Mere Nas Nas Mein

After watching Titanic for the first time, I told my sister that the locket that Rose threw into the Atlantic goes down and lodges itself very neatly around Jack’s skeleton-neck. The truth of their incomplete love was too much for me to deal with. Or maybe I just couldn’t stand the thought of the locket being thrown away like that. I had to make up a story that would make me feel better. I was 12, Mintu was 10. She believed me. Two years between us wasn’t big enough for her to think of me as wise and not small enough for her to completely ignore me.

As a child, I had a bed-wetting problem that continued well into my teens. I was embarrassed and this made me a very insecure and bitter child. I could never freely sleep in other people’s homes, much less mine. Rubber sheets were thrown under my mattresses. And it always seemed like these rubber sheets were sticky and dirty, no matter how many times they had been washed. Things like these never stay within the family. Relatives are always over –eager to let you know that they are not embarrassed by your bed-wetting problem and the only moment they choose to tell you how cool they are with it is in front of other relatives.

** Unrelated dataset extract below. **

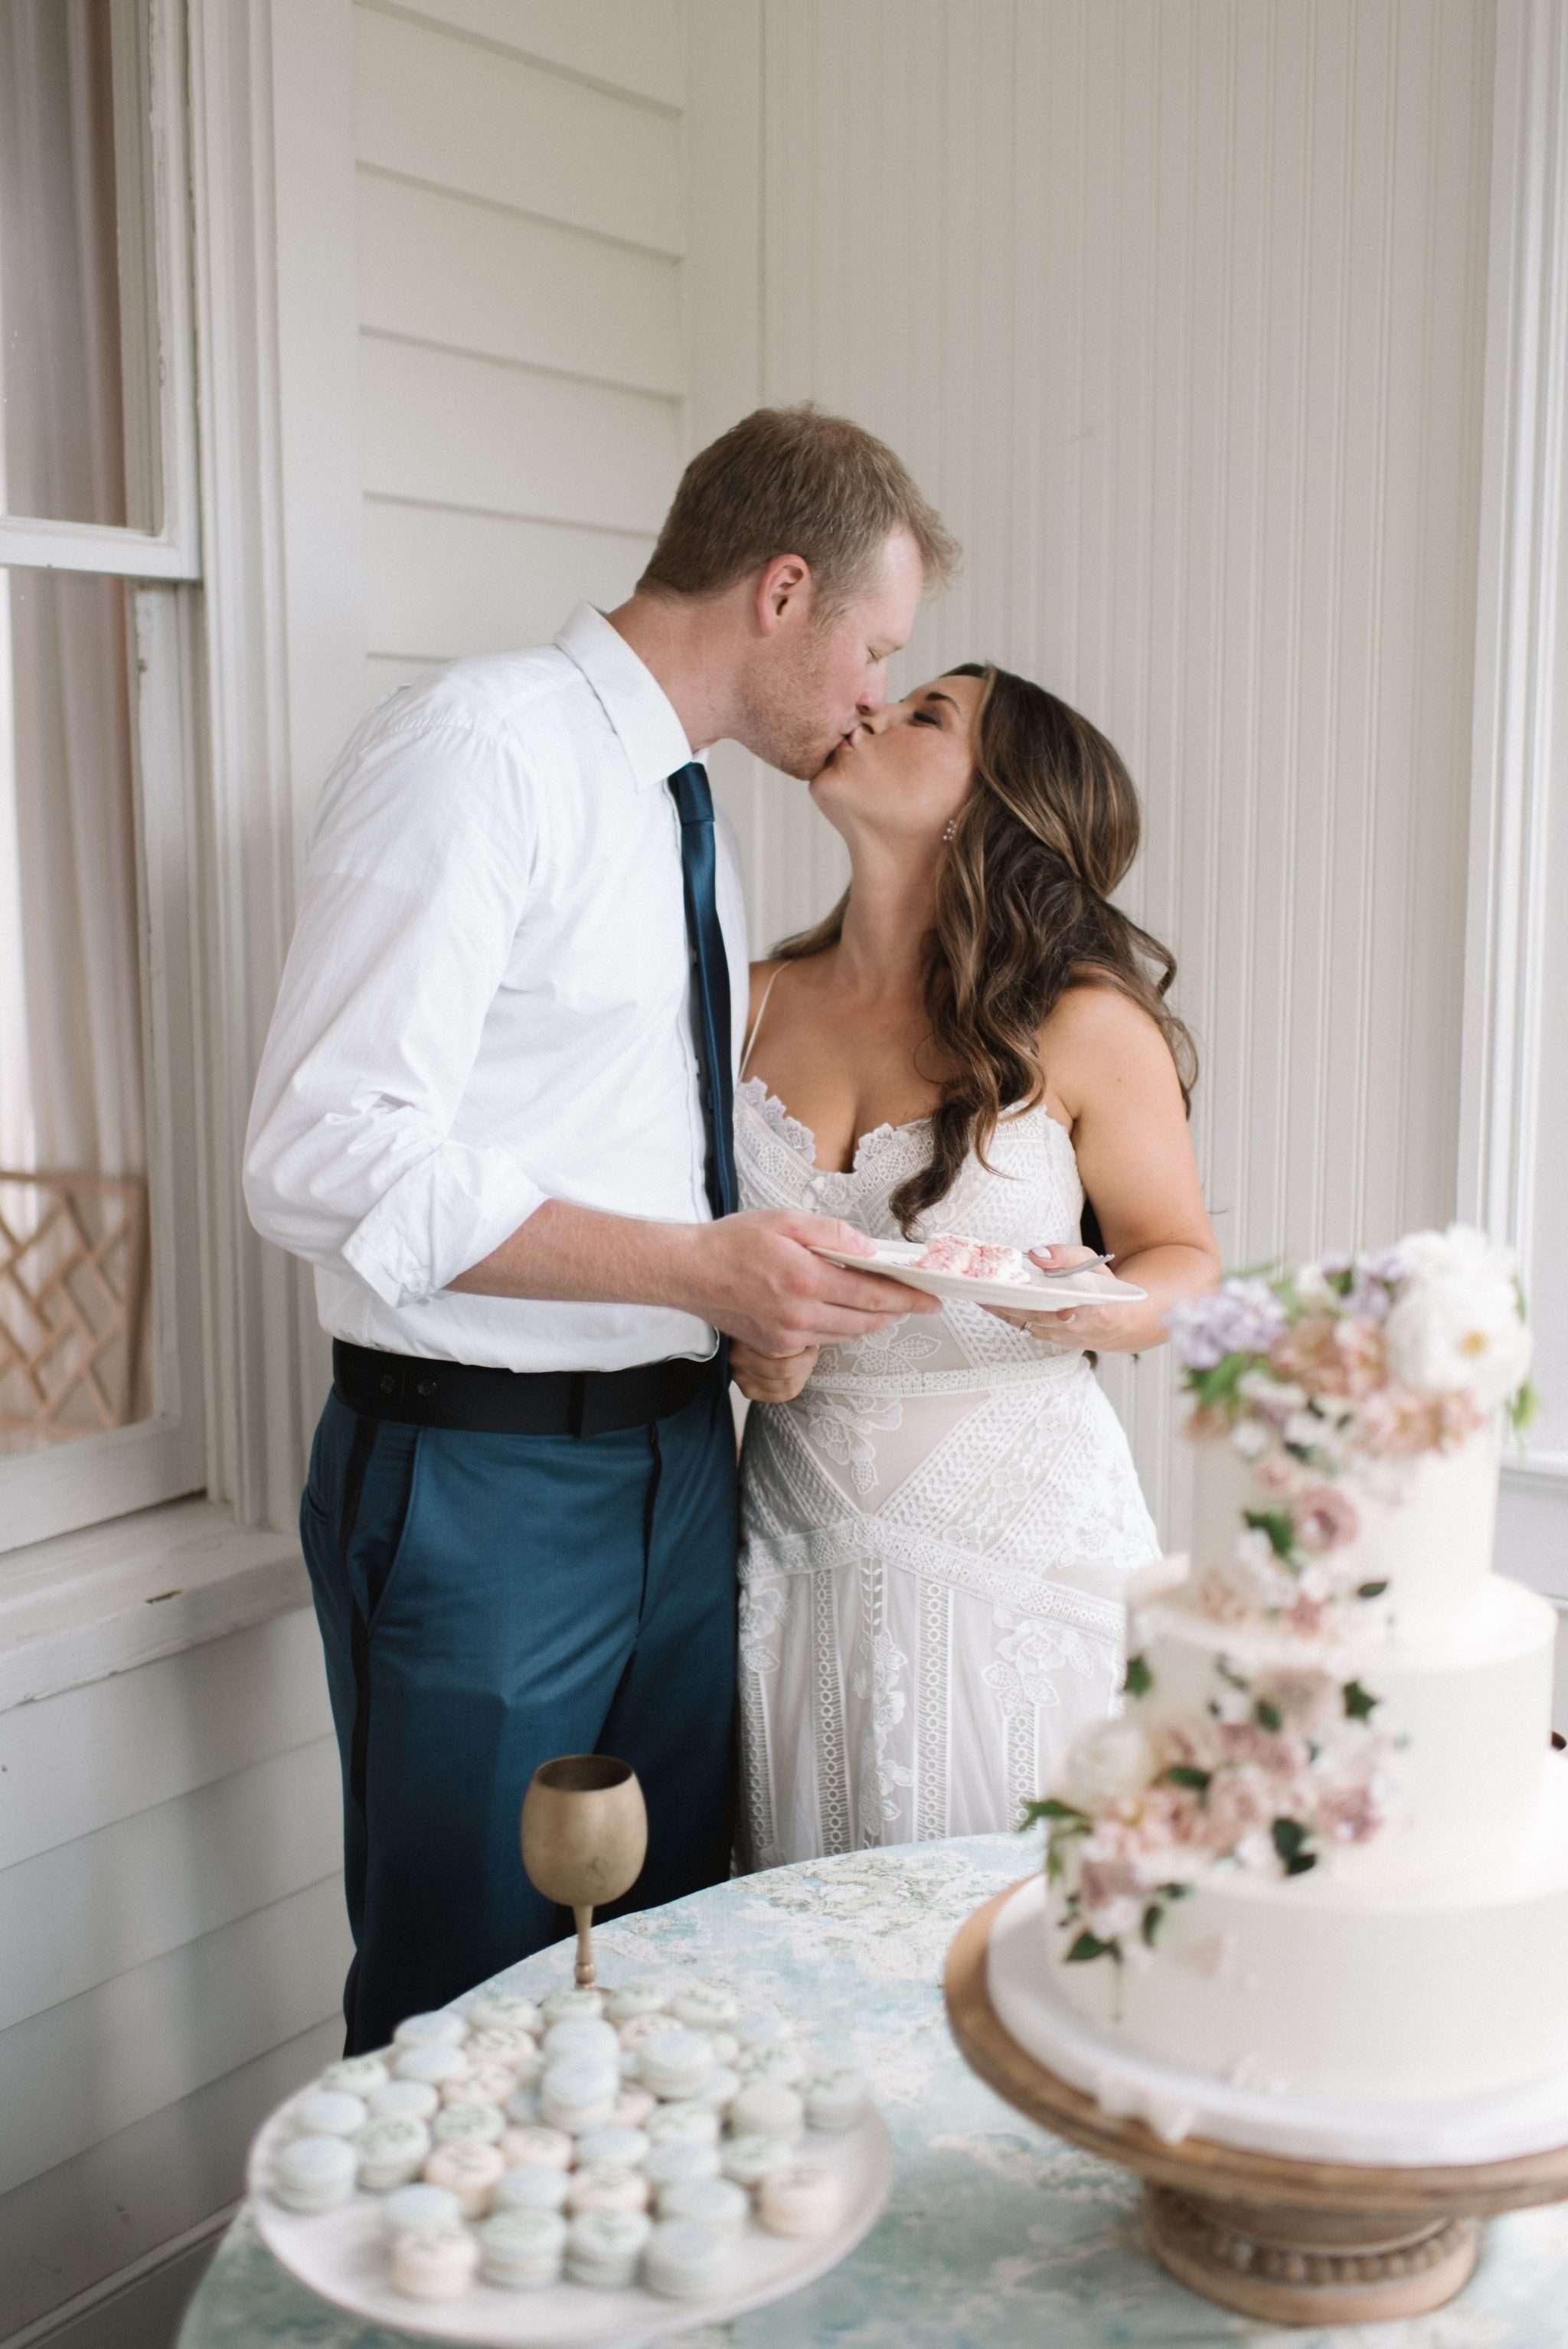 A Charleston-Based Wedding Planner Reveals Secrets Wedding Planners Won't Tell You   Rhyme & Reason

Rubber sheet togondenamma? – became a question that every well-meaning aunt asked before I left with them for a sleepover with cousins.

Mintu was a chubby, dark-haired, second-rank student. She had no bed-wetting problem and was always very respectful of elders.

Over one summer, I don’t know how but to make matters worse, she got taller than me. It was at this point that I invented ‘Kamoon’ – a flying spirit that was my close, personal friend. Kamoon was green, visible only to me and shy. He didn’t like my sister very much because he thought she was too proud and first and foremost – she didn’t wet her bed. I showed Mintu the green in my veins to convince her of his existence. It didn’t take much time. After she believed Kamoon – giving him a story wasn’t difficult. He lived in my veins when I summoned him and left only after I had wet the bed.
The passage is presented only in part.